We had a sewer to dig up in the neutral ground out near the street about 15 years ago. It wasn't deep because we could hear the cable a couple feet below the gounds surface so we decided to dig it by hand and install a cleanout. About 15 minutes after we started digging a guy pulled up in an AT&T marked car and jumped out asking questions. We explained that we are hand digging a couple feet down and he chilled out. I asked what the big deal was and he explained there was a fiber optic phone line that runs under us...it runs from east cost to west coast across the United States and if its cut...it costs atleast a million dollars to repair. A contractor cut one in a neighboring county back in the mid 90's and it put him out of business. The man said he drives a portion of the cable looking for people digging or anything else going on and the parts that cannot be watched by driving are checked on by helicopter. I guess the guy was telling the truth...he seemed to be. He stayed with us until the hole was covered back up! lol


----------



## Optimus Primer (May 20, 2009)

How much is that going to set you back protech? or was it not your fault?


----------



## Protech (Sep 22, 2008)

Nada, thing was buried 1" down with no conduit. It was the service to the house.



house plumber said:


> How much is that going to set you back protech? or was it not your fault?


----------



## Optimus Primer (May 20, 2009)

Protech said:


> Nada, thing was buried 1" down with no conduit. It was the service to the house.
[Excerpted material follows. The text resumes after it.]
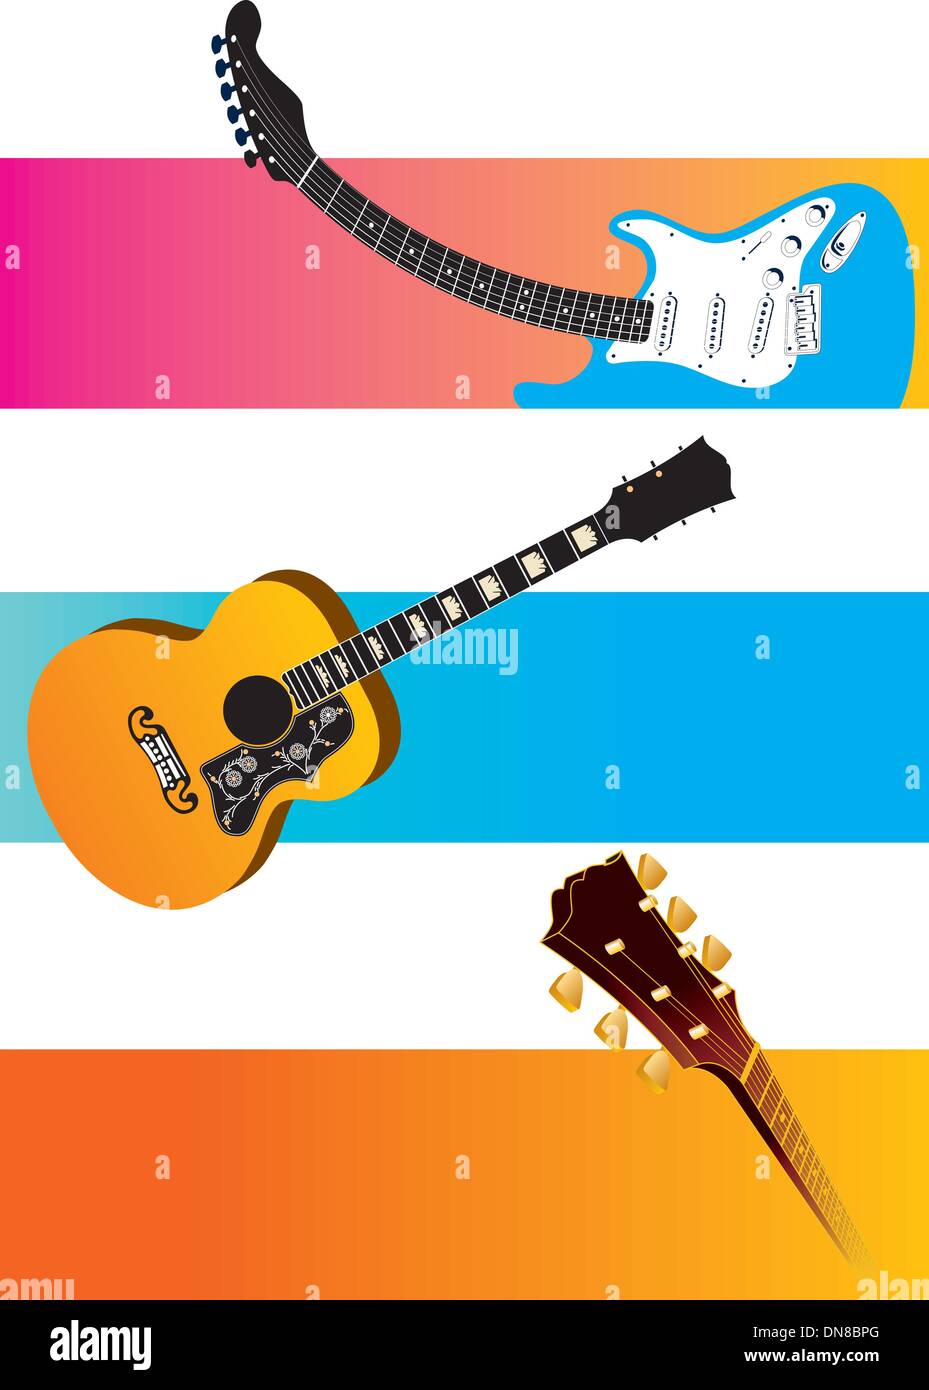 Guitar Vector Banner Design template Stock Vector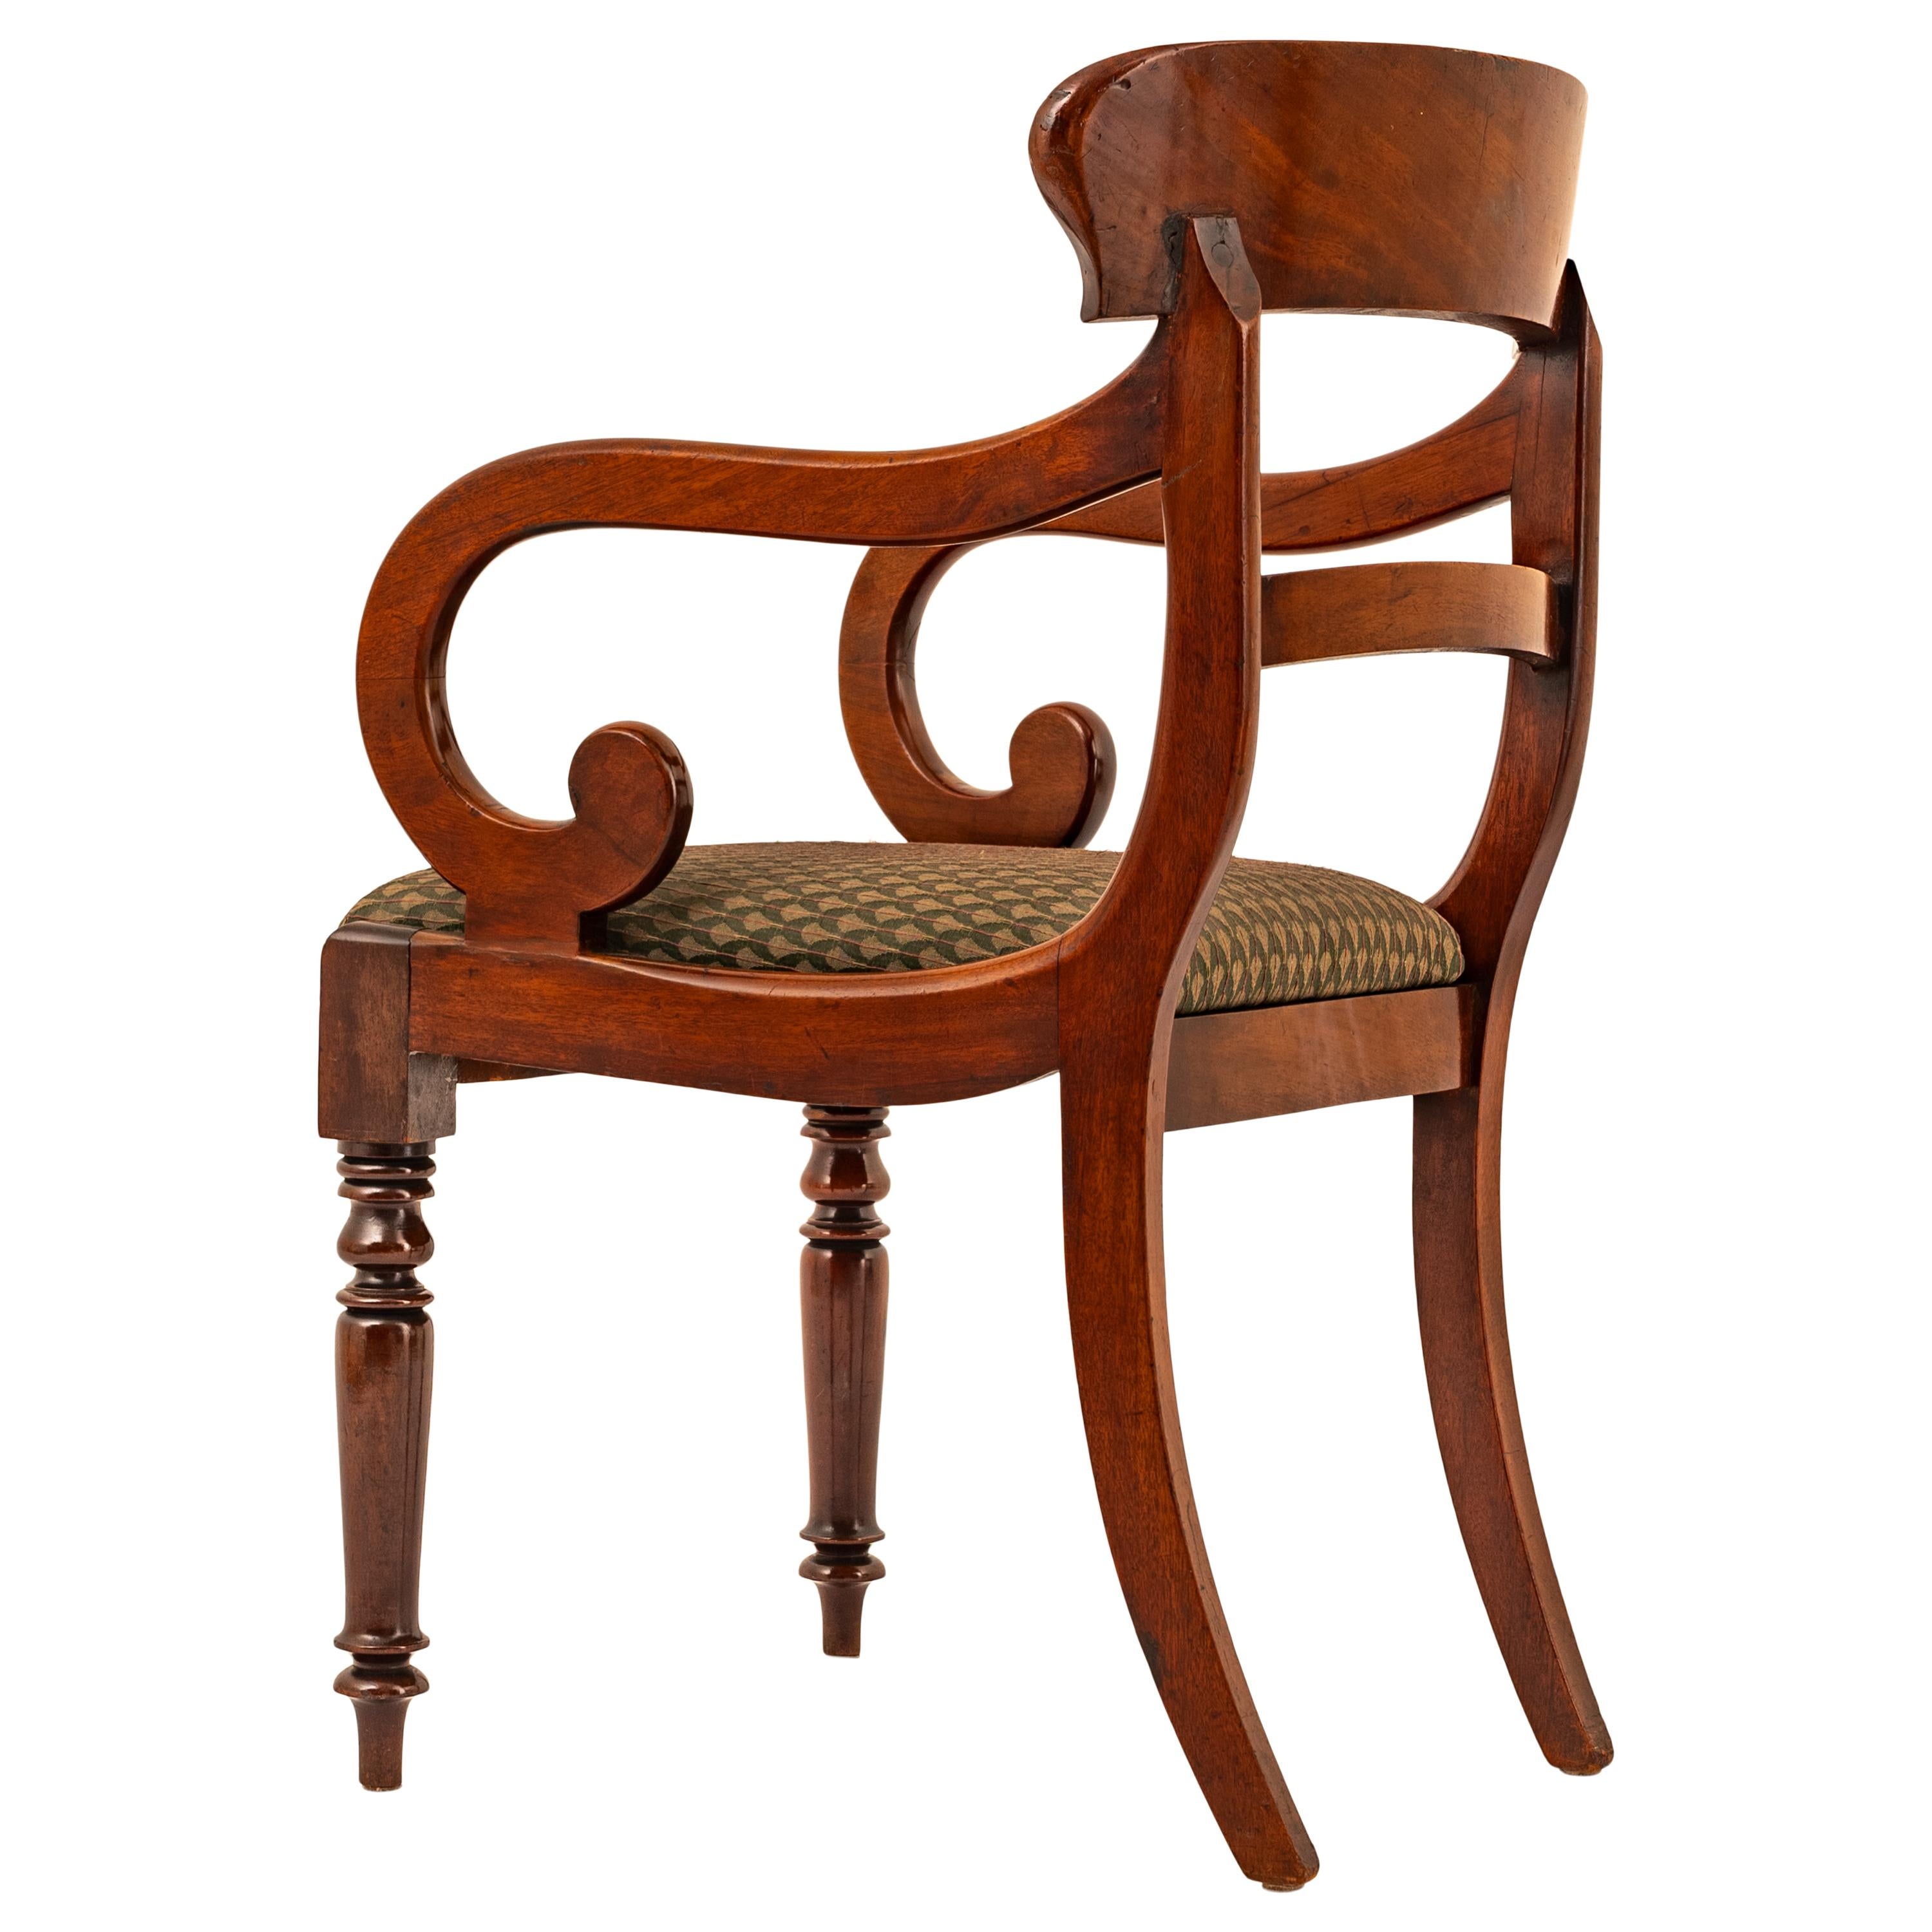 Antique 19th Century Georgian Regency Mahogany Armchair Library Desk Chair 1820 For Sale 1

Cool. I heard a rumor over here that they can throw you in jail if you cut something and it wasn't flagged off.


----------



## Master Mark (Aug 14, 2009)

*the rumors I have heard are much worse*



house plumber said:


> Cool. I heard a rumor over here that they can throw you in jail if you cut something and it wasn't flagged off.


you guys can debate how many strands arein that first pic till you are all blue in the face..

take a sawall and see how many are in there and then bet on how much it will cost to have it fixed...


Their was a fellow that did sewers in town here
that hit a very, very large one.....

the rumor I heard was that he lost everything
before it was all over 

cost something like a few thousand for every 
5 minutes it was down.......

they took the business, tractor, house and all

..


----------